Lilitu just stared at her, her mouth hanging. "You did it with a Sharajnaghi?"
Sayida nodded. "Wasn't bad at all. But my father---foster-father or whatever--- found out the next day. He'd been pretty happy with Sibi up till then, but once he learned what he'd been up to, he set his men on him. Shariq blasted them all over the courtyard, then took his leave."
"Did your mother ever talk to him?"
Sayida giggled again. "Behind closed doors? I suspect so. Don't know if he convinced her of anything, although--- she wants to do all sorts of things, and sometimes she goes right ahead. But she doesn't want me to have any fun. And she's going to be a big problem for you, too."
"Because she's dead set on marrying your whatever you want to call him. She always wanted him, and now that your mother's out of the way---"
"Has he proposed?" Lilitu asked.
"I don't think so," Sayida said. "But it won't be long. I'm telling you, they're going to get married, and soon, and then you'll be in a lot of trouble."
"She said she wanted to be friends," Lilitu said.
Sayida laughed. "Your mother took her man and threw her out of the window. She wants your head on a plate."
"You said you wanted to be my friend too."
"But I mean it," Sayida said.
"Leave Oded alone," Lilitu said.
Sayida laughed. "Have you done it with him?"
"No," said Lilitu.
"Do you know how to do it with a boy?"
Lilitu shook her head.
"Do you know how to do it with a girl?"
"I'm not sure," Lilitu said.
"I could show you," Sayida answered. "Why don't you come over here and sit with me?"
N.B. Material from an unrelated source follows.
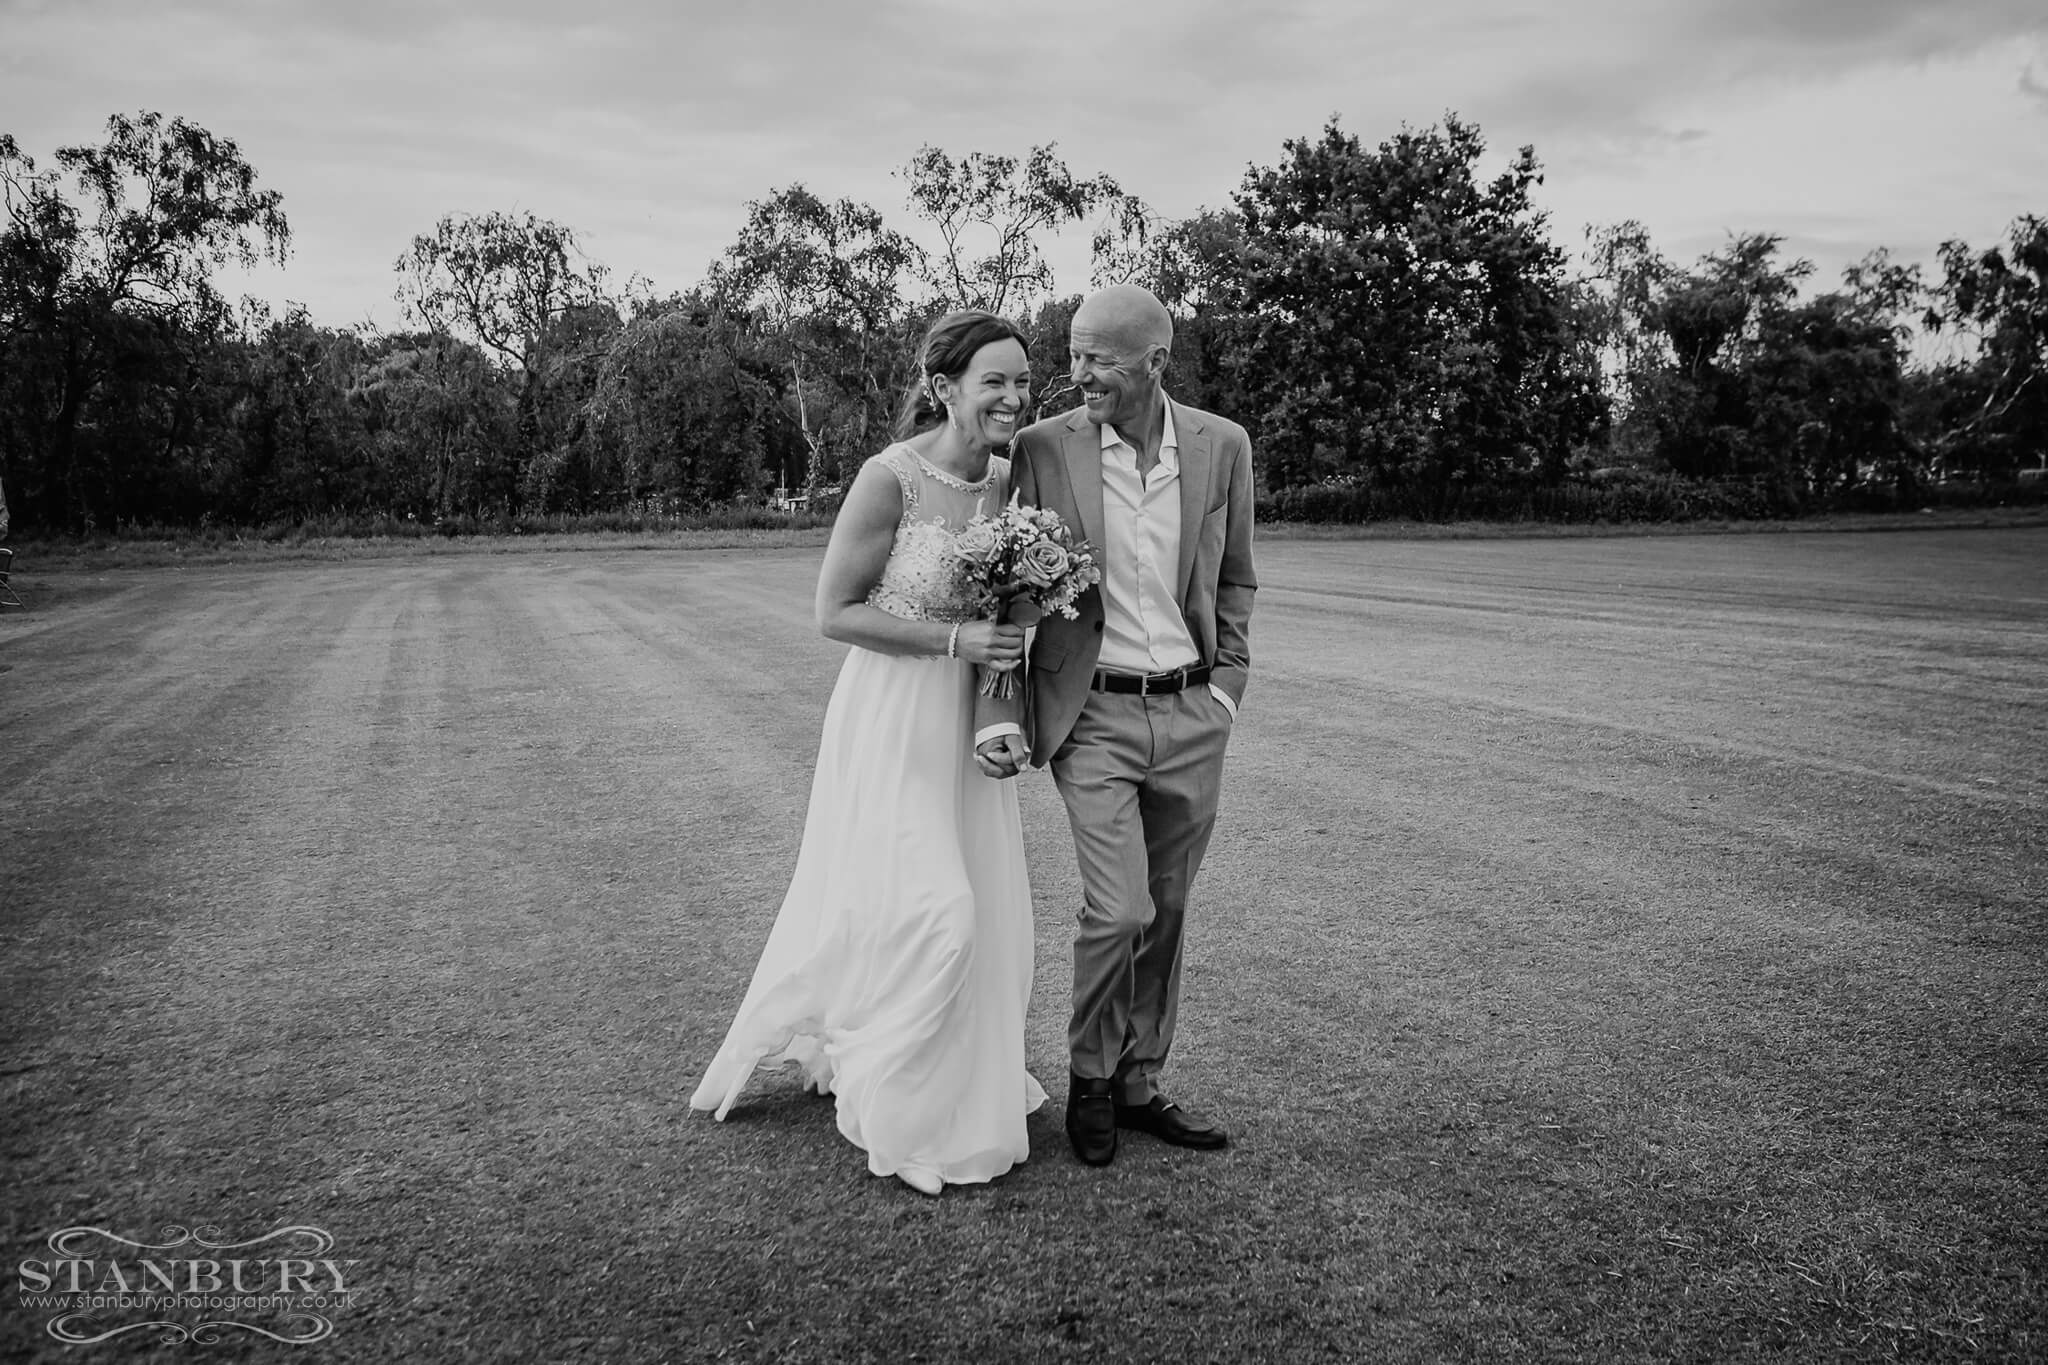 tipi-festival-bride-groom-wedding-photography-lancashire-stanbury-005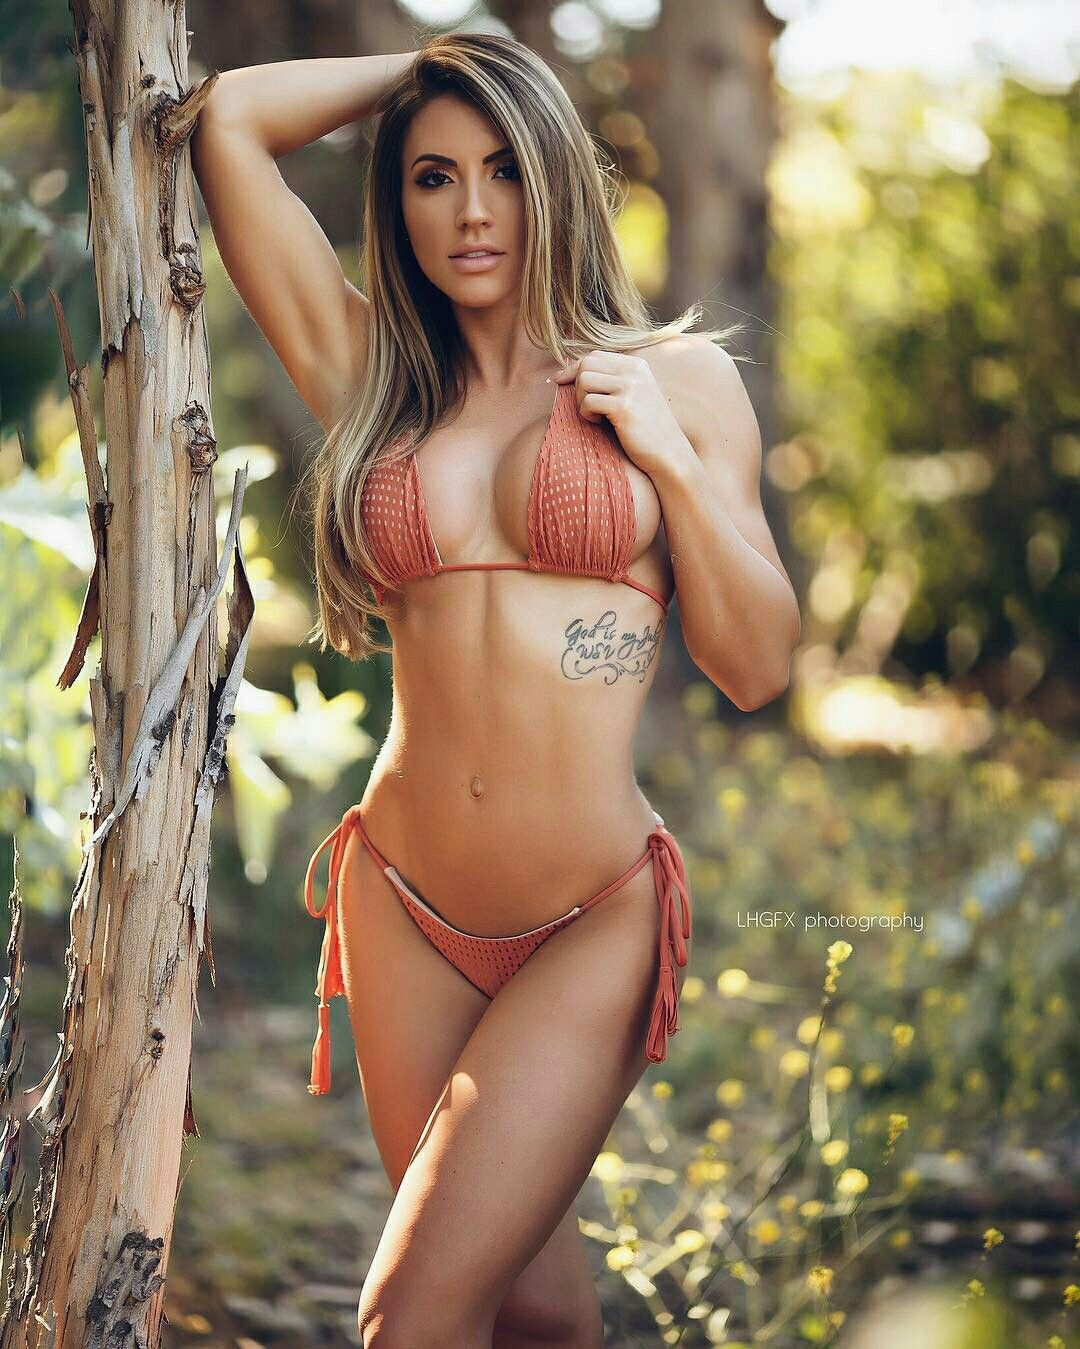 Young Bikini Danielle Vaughan  nudes (35 pics), Snapchat, butt

"I really must be going," Lilitu answered.
"Don't you like the way I look? We're so much alike. It would be like doing it with yourself. Don't you ever look at yourself in the mirror?"
"Girls aren't supposed to do it with each other," Lilitu said.
"There are places where everyone thinks it's just fine."
"What do you mean? Like the Achaean islands, in ancient times?"
"Never heard of them. But there is this city called Khymir, way down south---"
"It's up north."
"Whatever. But everyone there does just as they please."
"It's supposed to be a terrible place," Lilitu said.
"People just say that," Sayida replied.
"I don't want to do it with you."
"And you're just saying that." Sayida replied.
But Lilitu went out into the hall, closing the door behind her.